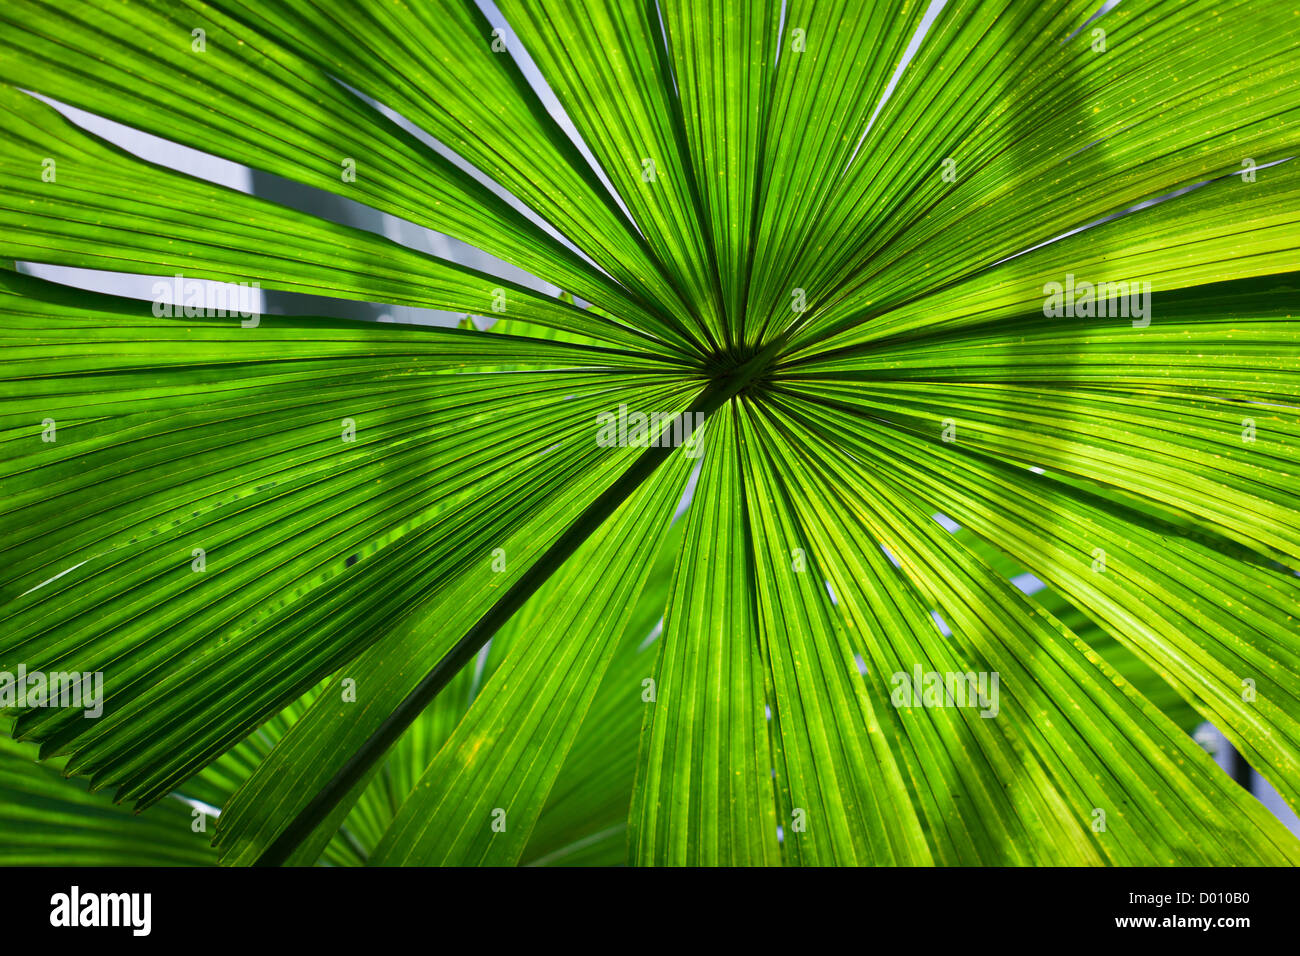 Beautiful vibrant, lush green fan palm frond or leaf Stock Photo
++++++++++
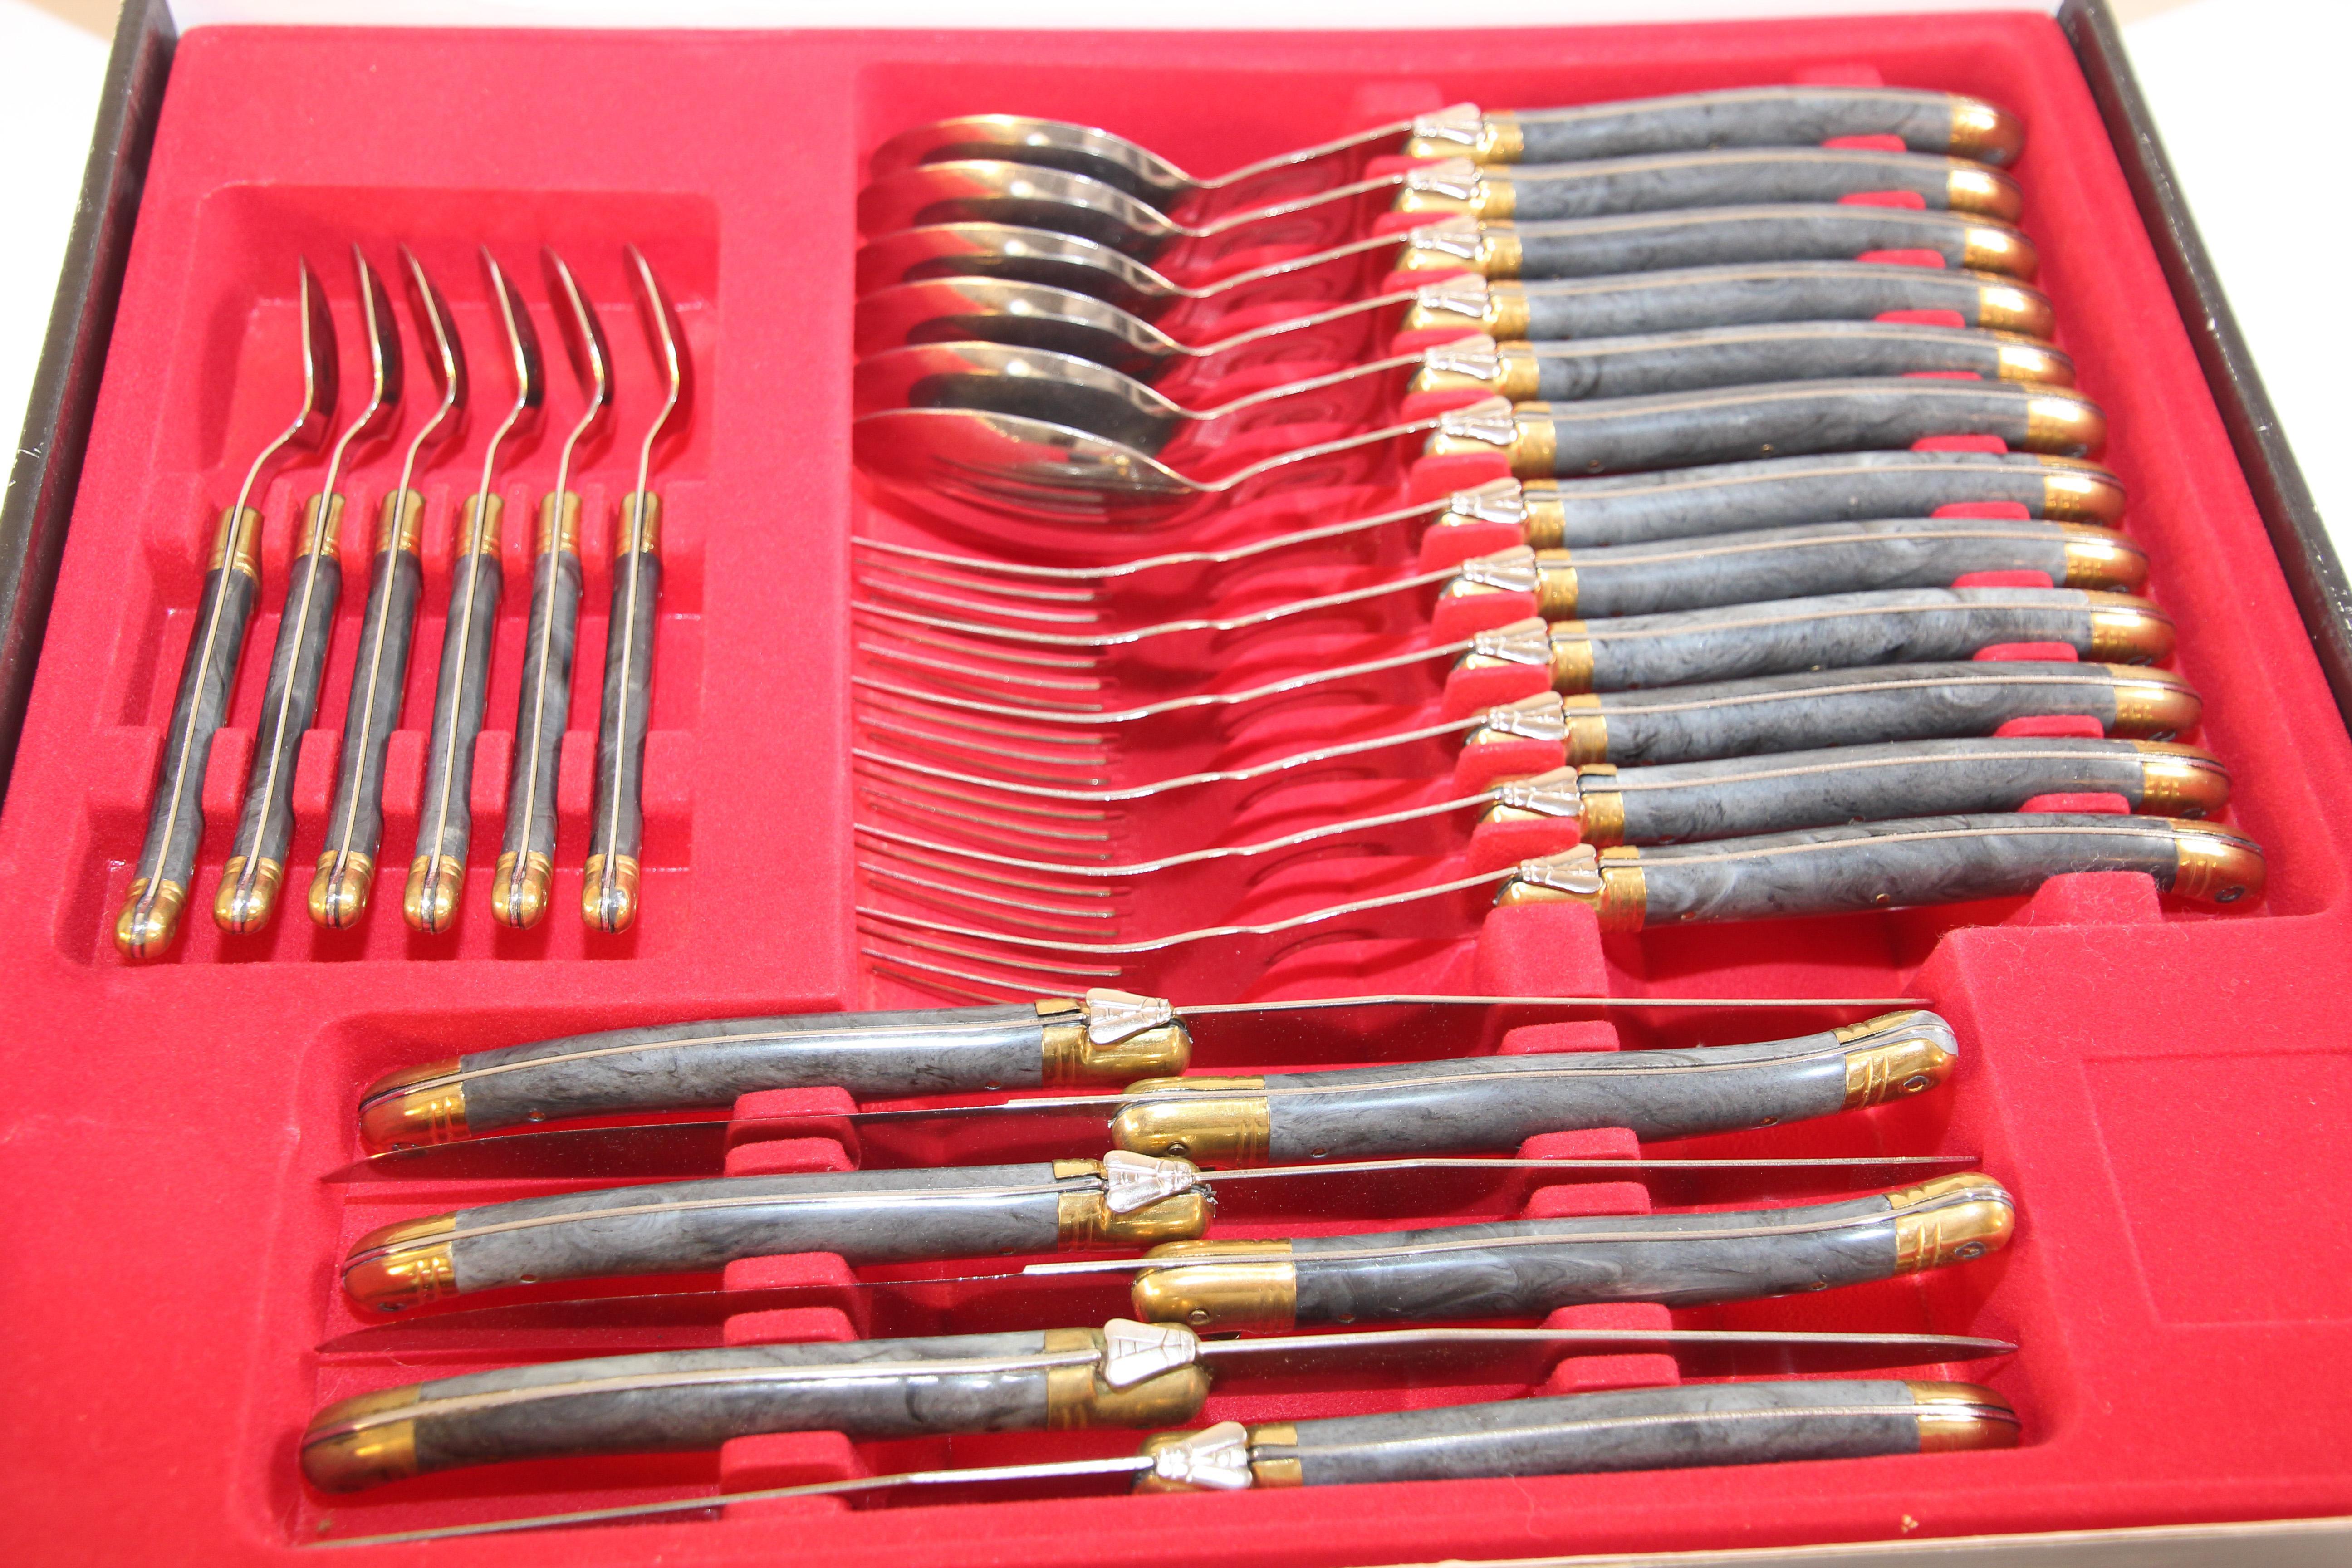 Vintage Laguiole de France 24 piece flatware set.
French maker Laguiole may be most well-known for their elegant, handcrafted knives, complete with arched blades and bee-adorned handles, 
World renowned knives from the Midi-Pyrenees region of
++++++++++
> [EXERCISE PROMPT]
Begin at the line above that has "French maker Laguiole" and stop after the line that has "World renowned knives", copying each line exactly and adding nothing else.

> [RESULT BELOW]
French maker Laguiole may be most well-known for their elegant, handcrafted knives, complete with arched blades and bee-adorned handles, 
World renowned knives from the Midi-Pyrenees region of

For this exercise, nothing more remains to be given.